What this task involves = Set the data below down again, exactly, with every picture left out.

*** Given information Section Begins ***

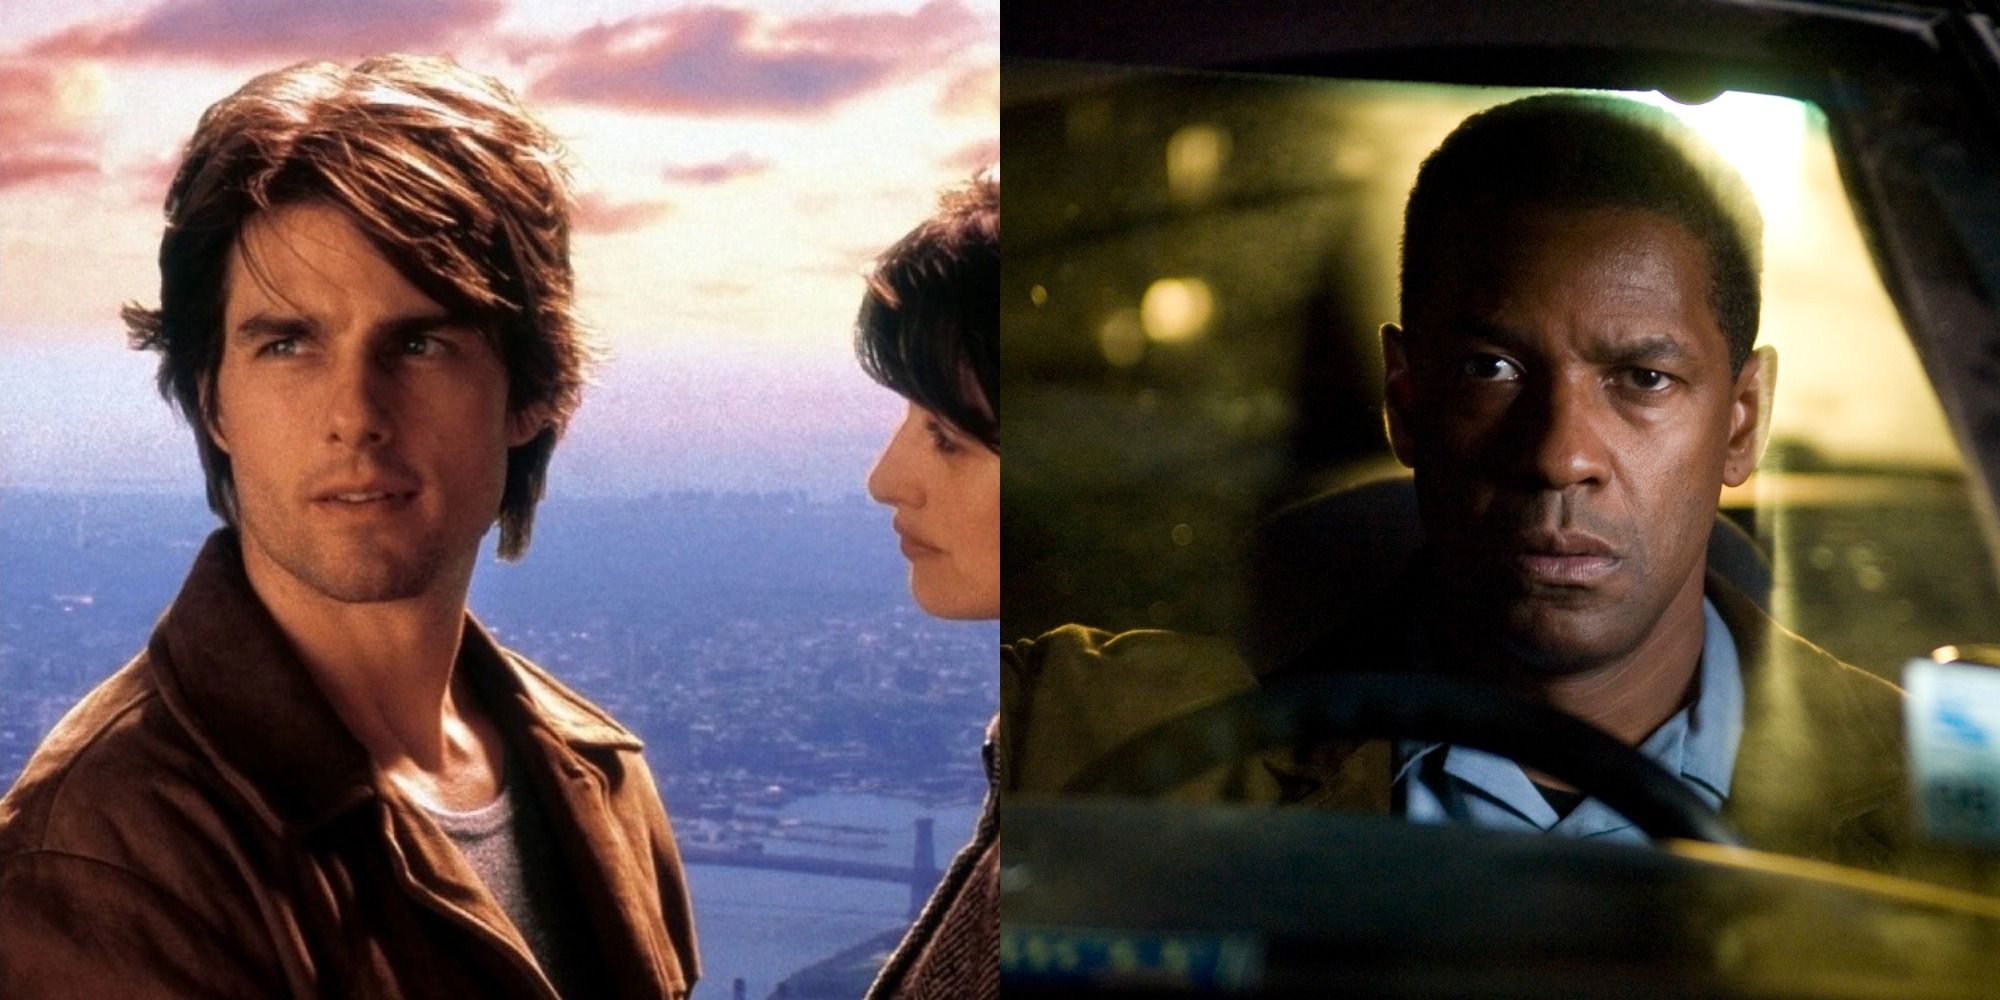 An image of Tom Cruise in Vanilla Sky and Denzel Washington in Deja Vu
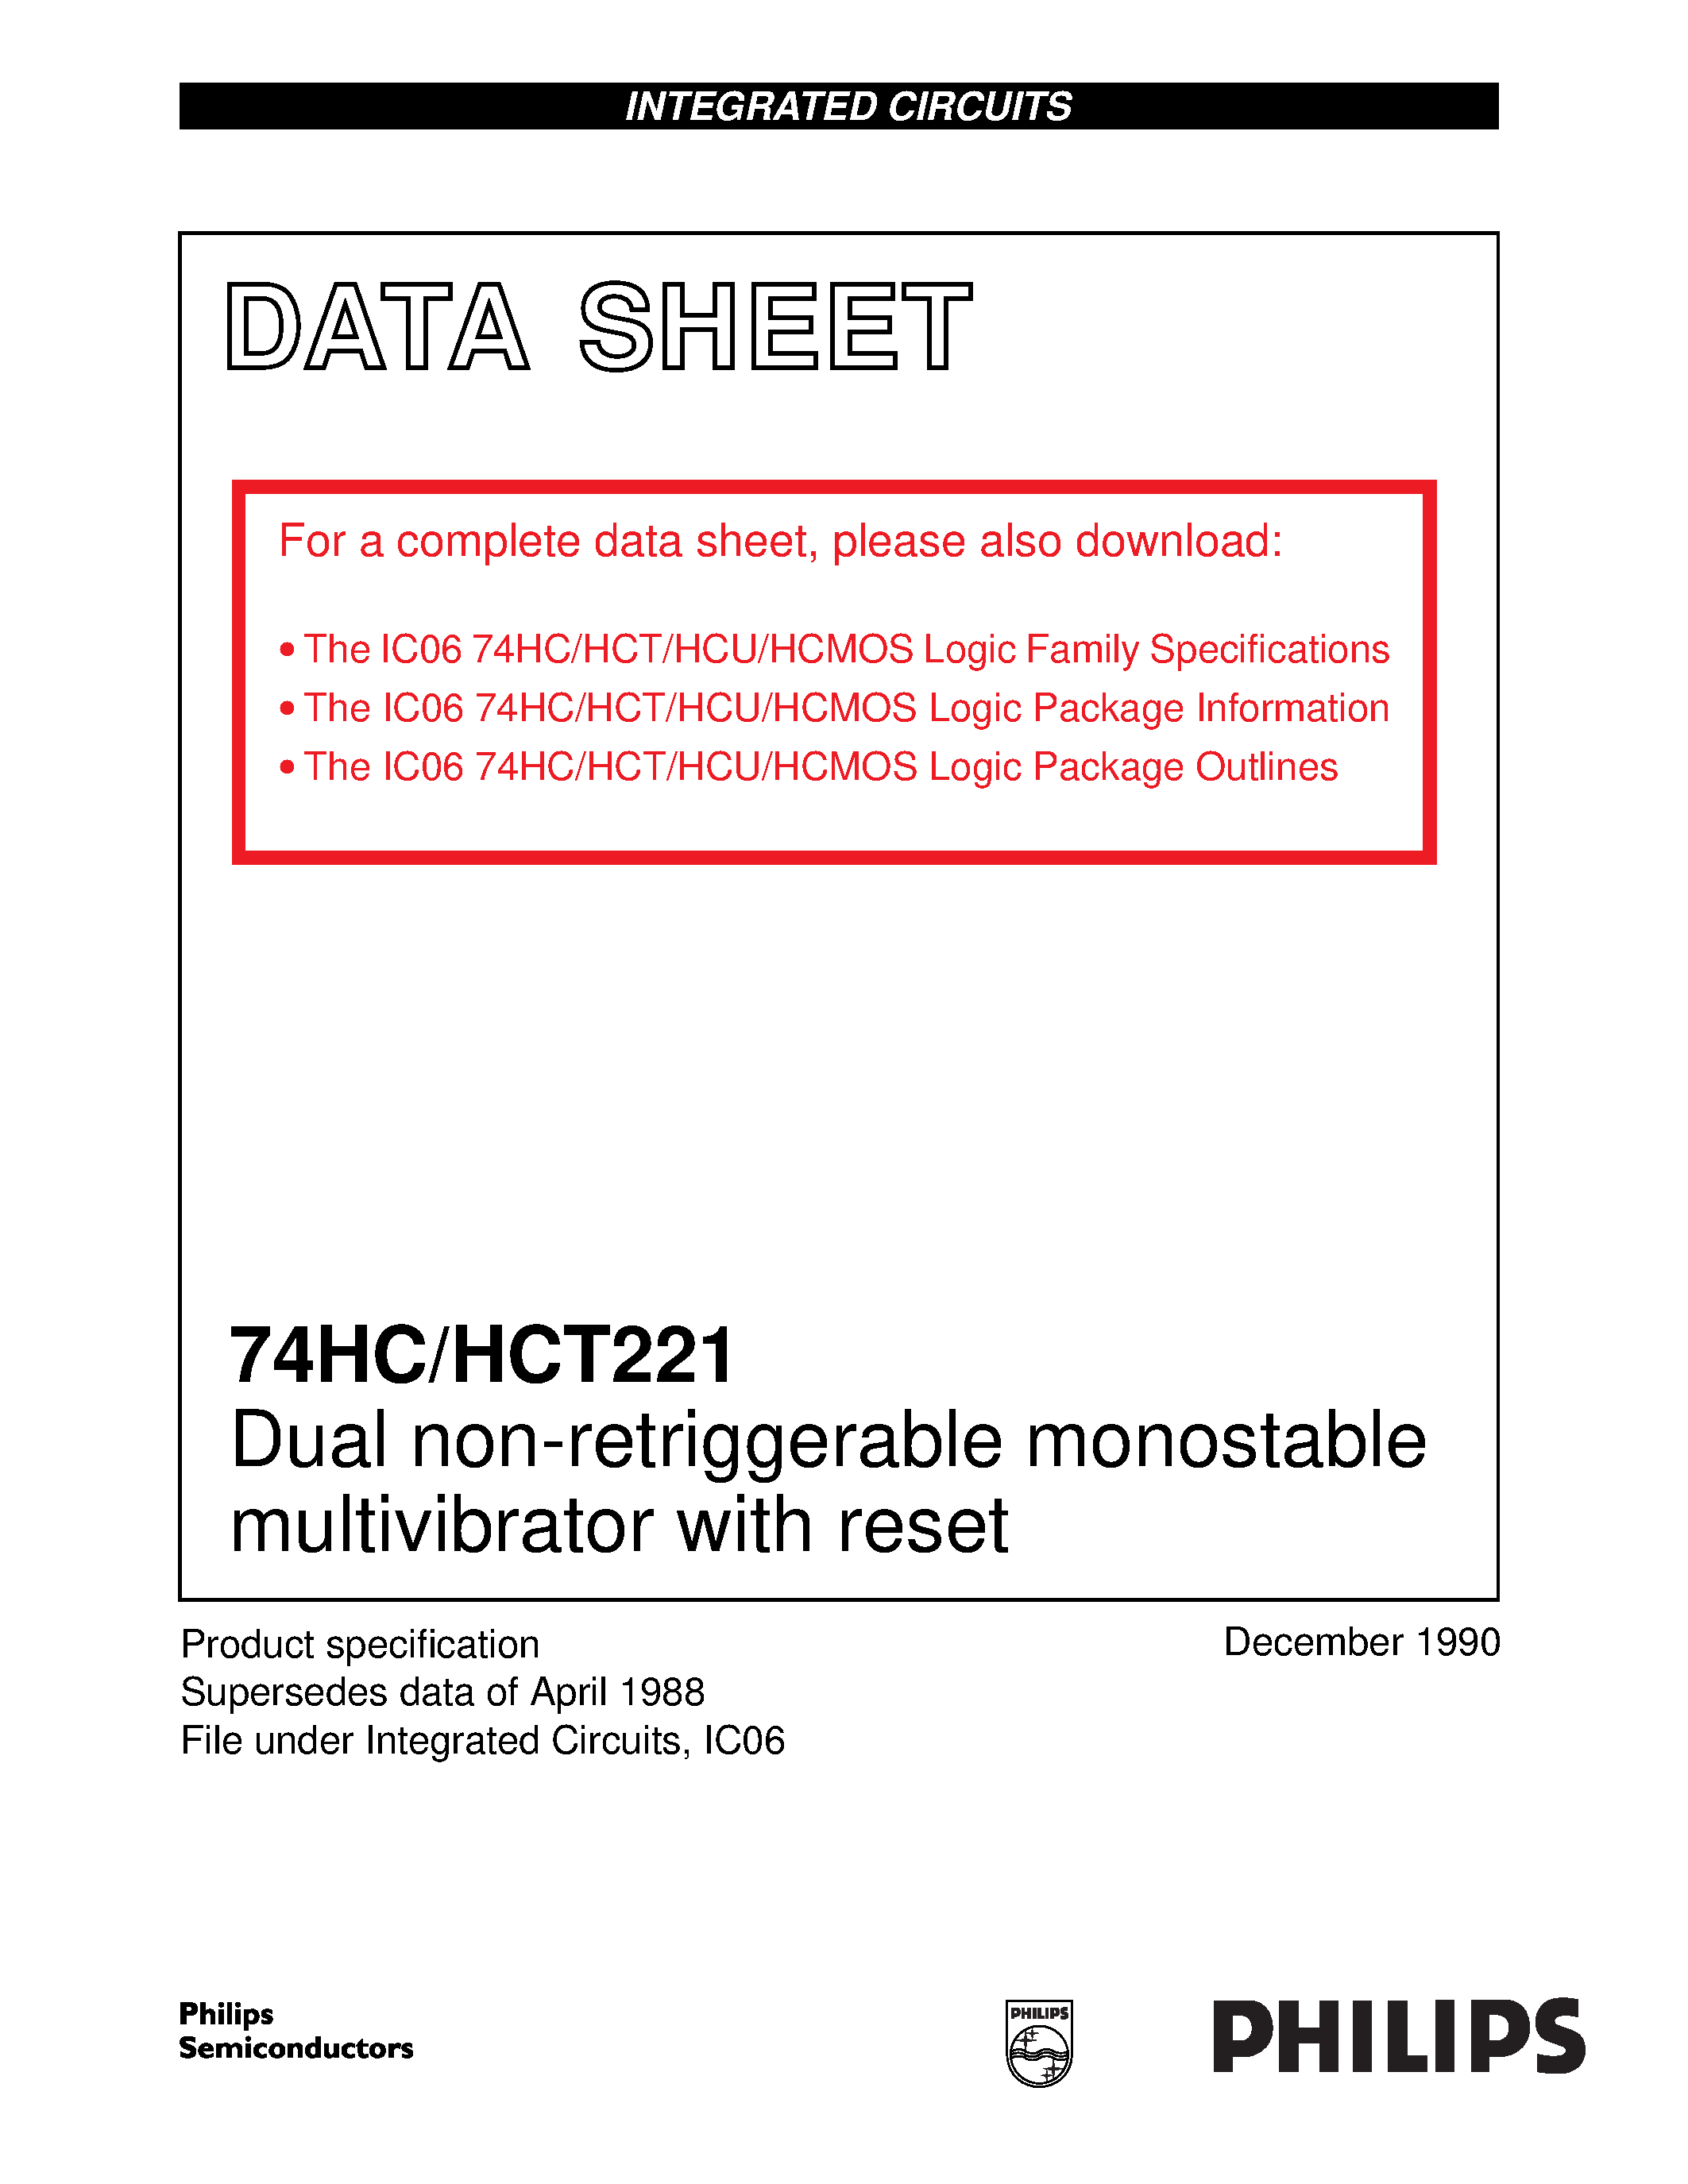 Datasheet 74221 - Dual non-retriggerable monostable multivibrator with reset page 1
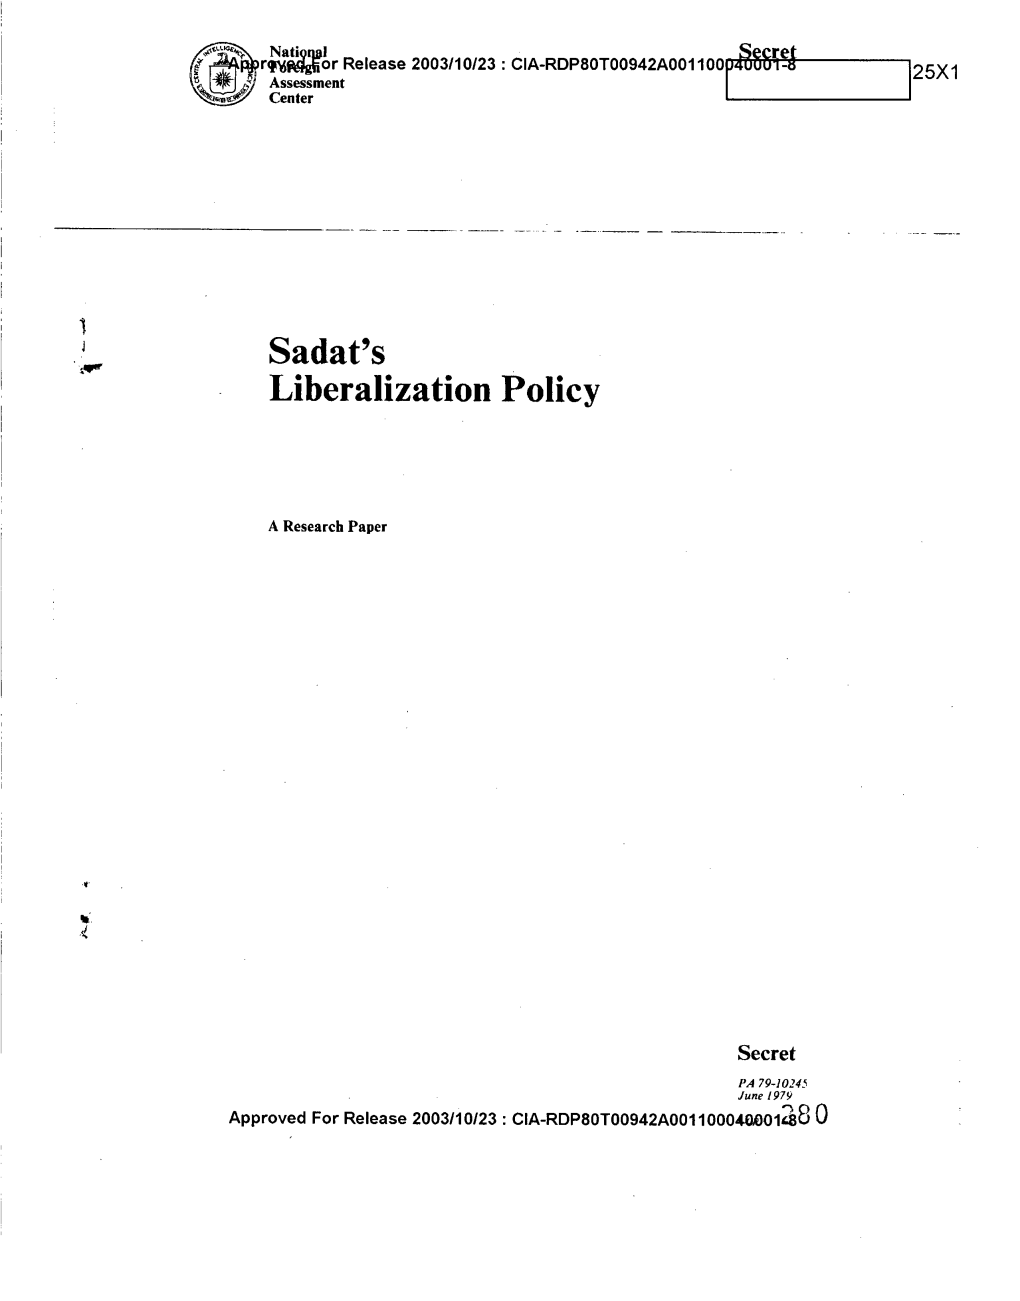 Sadat's Liberalization Policy

*** Given information Section Ends ***

Problem solution =
 An image of Tom Cruise in Vanilla Sky and Denzel Washington in Deja Vu
 Datasheet 74221 - Dual non-retriggerable monostable multivibrator with reset page 1
 Sadat's Liberalization Policy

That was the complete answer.